Artikel 10 Herleving krediethypotheek c.q. akte van pandrecht

  • 1. Als binnen een periode van twee jaar na beëindiging van de bijstandsuitkering onder verband van hypotheek c.q. vestiging akte van pandrecht wederom recht op bijstand bestaat, wordt deze verleend met toepassing van de laatst gevestigde hypotheek of akte van pandrecht.

  • 2. De geldlening van de laatst gevestigde krediethypotheek wordt echter niet aangemerkt als een op de woning drukkende schuld, maar als een reeds verbruikt deel van de nieuw te berekenen geldlening.

Artikel 11 Verantwoording gemeente

Aan belanghebbende wordt telkens na afloop van het kalenderjaar een opgave verstrekt van de stand van de geldlening en van de rentevorderingen.
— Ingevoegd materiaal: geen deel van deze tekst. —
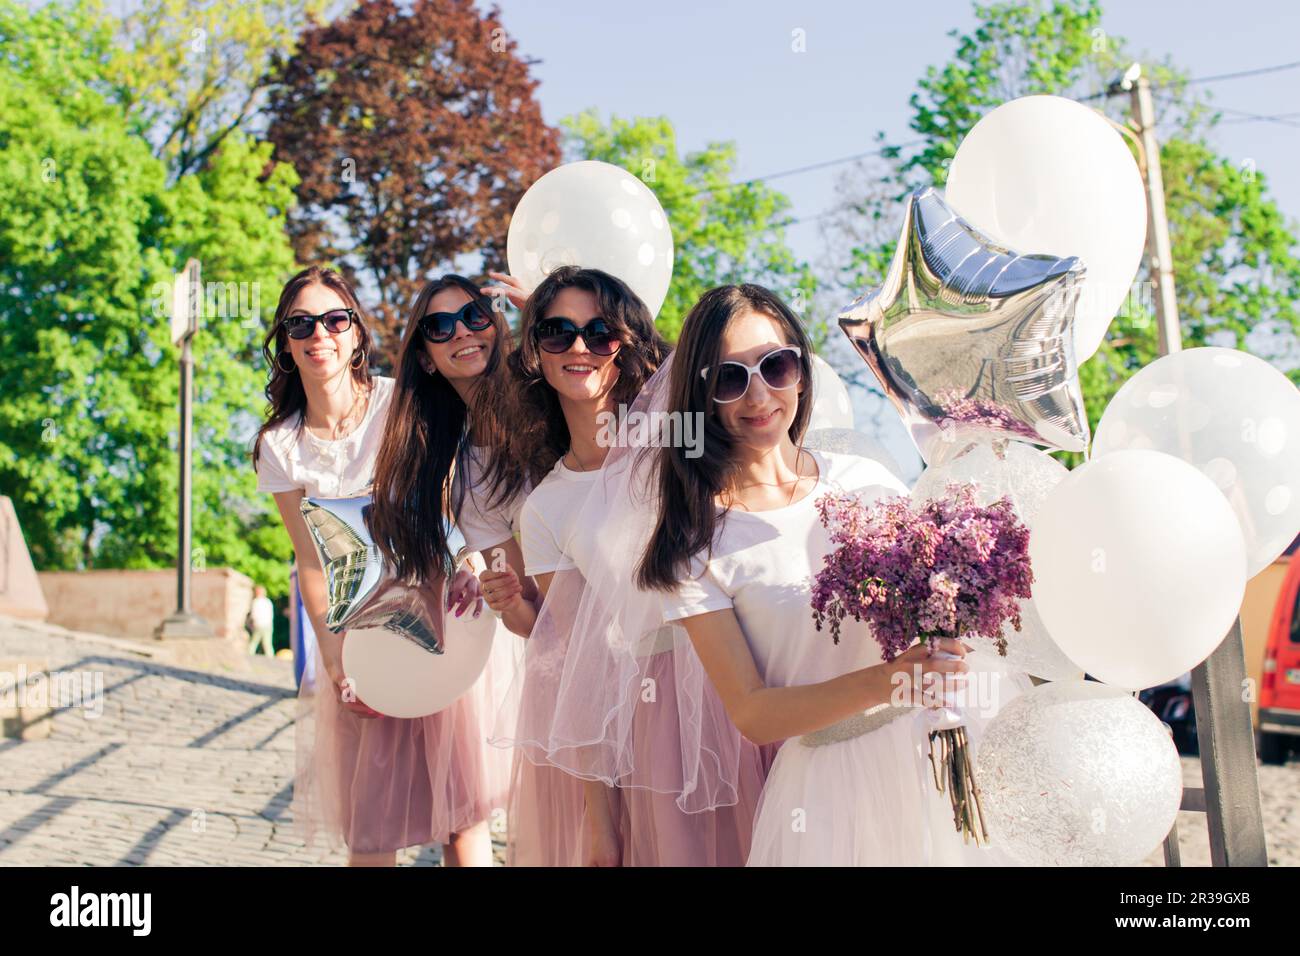 Ragazze che indossano abiti rosa che si divertono con la festa delle galline. Foto Stock

Artikel 12 Hardheidsclausule

Het college kan één of meerdere artikelen van deze regeling buiten toepassing laten of daarvan afwijken, voor zover toepassing, gelet op het belang van het verlenen van de uitkering, leidt tot een onbillijkheid van overwegende aard.

Artikel 13 Citeertitel

Deze regeling wordt aangehaald als: Regeling krediethypotheek en pandrecht gemeente Menterwolde 2015.

Artikel 14 Inwerkingtreding

Deze regeling treedt in werking op 1 januari 2015.

Aldus vastgesteld in de vergadering van het College van Burgemeester en Wethouders van Menterwolde d.d. 14 april 2015.

De secretaris H.van der Wal

de loco-burgemeester J. Velthuis

Algemene toelichting

Praktische uitvoering

Als er sprake is van een eigen (bewoonde) woning, woonwagen, woonschip of floating-home, is het noodzakelijk om de belanghebbende in de aanvraagfase een bereidverklaring te laten ondertekenen waarin de medewerking aan de vestiging van een krediethypotheek of pandrecht wordt verleend. Omdat de notariskosten voor rekening komen van de aanvrager, kan de notaris in principe door de cliënt worden gekozen.

In de bereidverklaring kan de notaris van keuze worden genoemd.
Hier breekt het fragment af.